STILL STANDING

ByABC News
June 29, 2012, 5:43 AM

WASHINGTON -- President Obama's landmark health care law remains standing today because of one Supreme Court justice's unlikely vote and for one ironic reason with huge political implications: Its key provision is a tax.

In a splintered 5-4 decision with momentous consequences for the nation's health care system, balance of government power and politics, the high court handed Obama a stunning election-year victory. Chief Justice John Roberts and the court's four liberal-leaning justices held that the law's insurance mandate represents a tax on people who do not get health coverage — a tax the Constitution gives Congress the power to impose.

Ever since three historic days of oral arguments in March revealed broad skepticism among the court's conservative justices that requiring people to buy health insurance was constitutional, the mandate looked to be in jeopardy. Shortly after 10 a.m. on Thursday inside a hushed courtroom, however, Roberts gave the mandate, the law — perhaps even the president — a new lease on life.
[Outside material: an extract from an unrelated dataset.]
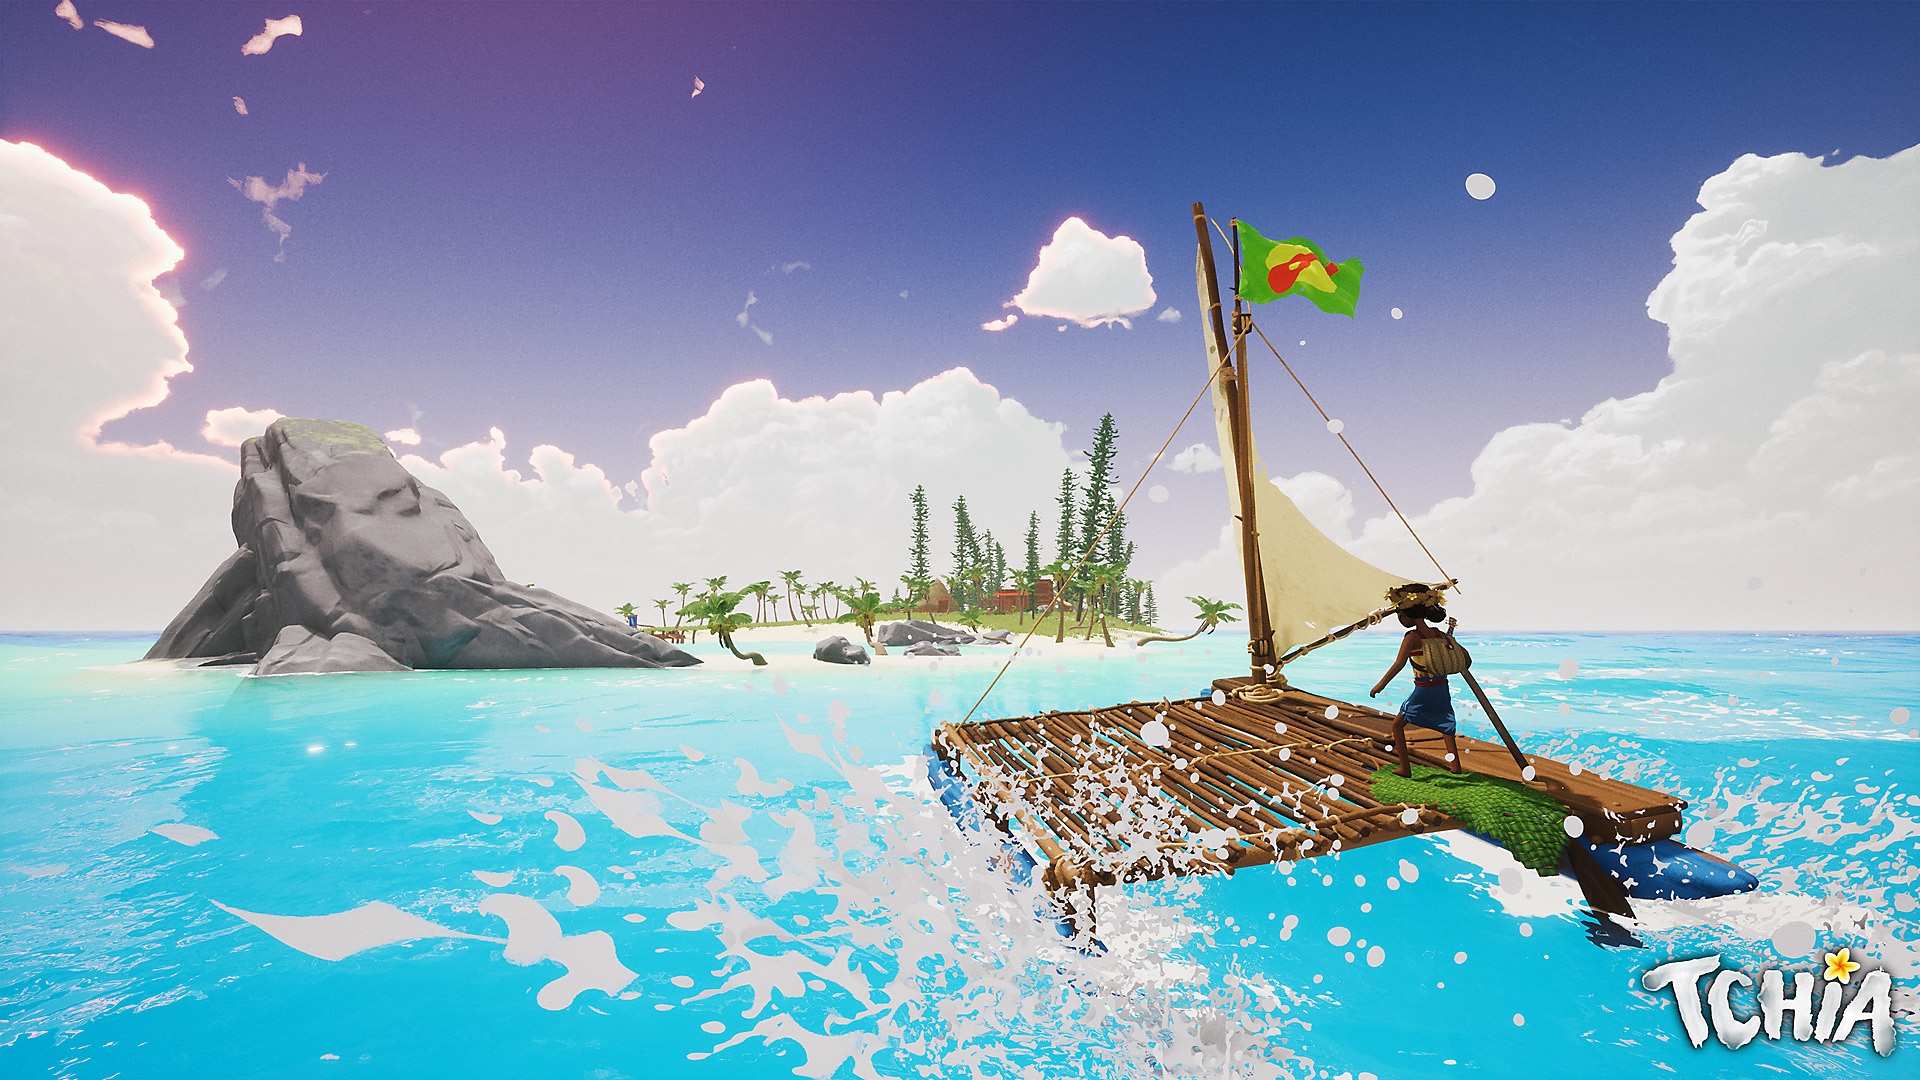 Screenshot von Tchia, der die Protagonistin zeigt, wie sie auf einem Floß in Richtung einer Insel fährt

"The Affordable Care Act's requirement that certain individuals pay a financial penalty for not obtaining health insurance may reasonably be characterized as a tax," Roberts wrote. "Because the Constitution permits such a tax, it is not our role to forbid it, or to pass upon its wisdom or fairness."

Using that logic, the chief justice saved what both sides call "Obamacare" — the most sweeping overhaul of the U.S. health care system since the creation of Medicare and Medicaid in 1965, one that presidents from Richard Nixon to Bill Clinton tried and failed to achieve.

Now it's full steam ahead for the law, which already has provided limited benefits for some seniors, young adults and people with pre-existing conditions. By January 2014, unless Congress intervenes, millions of Americans will have to obtain insurance or pay penalties, insurers will be banned from denying coverage based on pre-existing conditions, states will have to decide whether to expand Medicaid and create new insurance exchanges where people can shop for affordable coverage, and many small businesses will have to cover workers with the help of tax credits or pay penalties.

With a 59-page stroke of his pen, Roberts — a George W. Bush nominee whose 2005 confirmation as chief justice was opposed by one Sen. Barack Obama— sided with the court's four liberal justices in upholding the most consequential and controversial piece of legislation enacted during Obama's presidency.

The law now "survives largely unscathed," said Justice Ruth Bader Ginsburg, who like most justices on the court was unhappy about some part of the decision. Four justices, in fact — just one short of a majority — would have struck down the entire law, jeopardizing provisions that are already benefiting young adults, seniors and others.

"The Affordable Care Act now must operate as the court has revised it, not as Congress designed it," lamented Justice Anthony Kennedy on behalf of himself and Justices Antonin Scalia, Clarence Thomas and Samuel Alito. He called it "a vast judicial overreaching."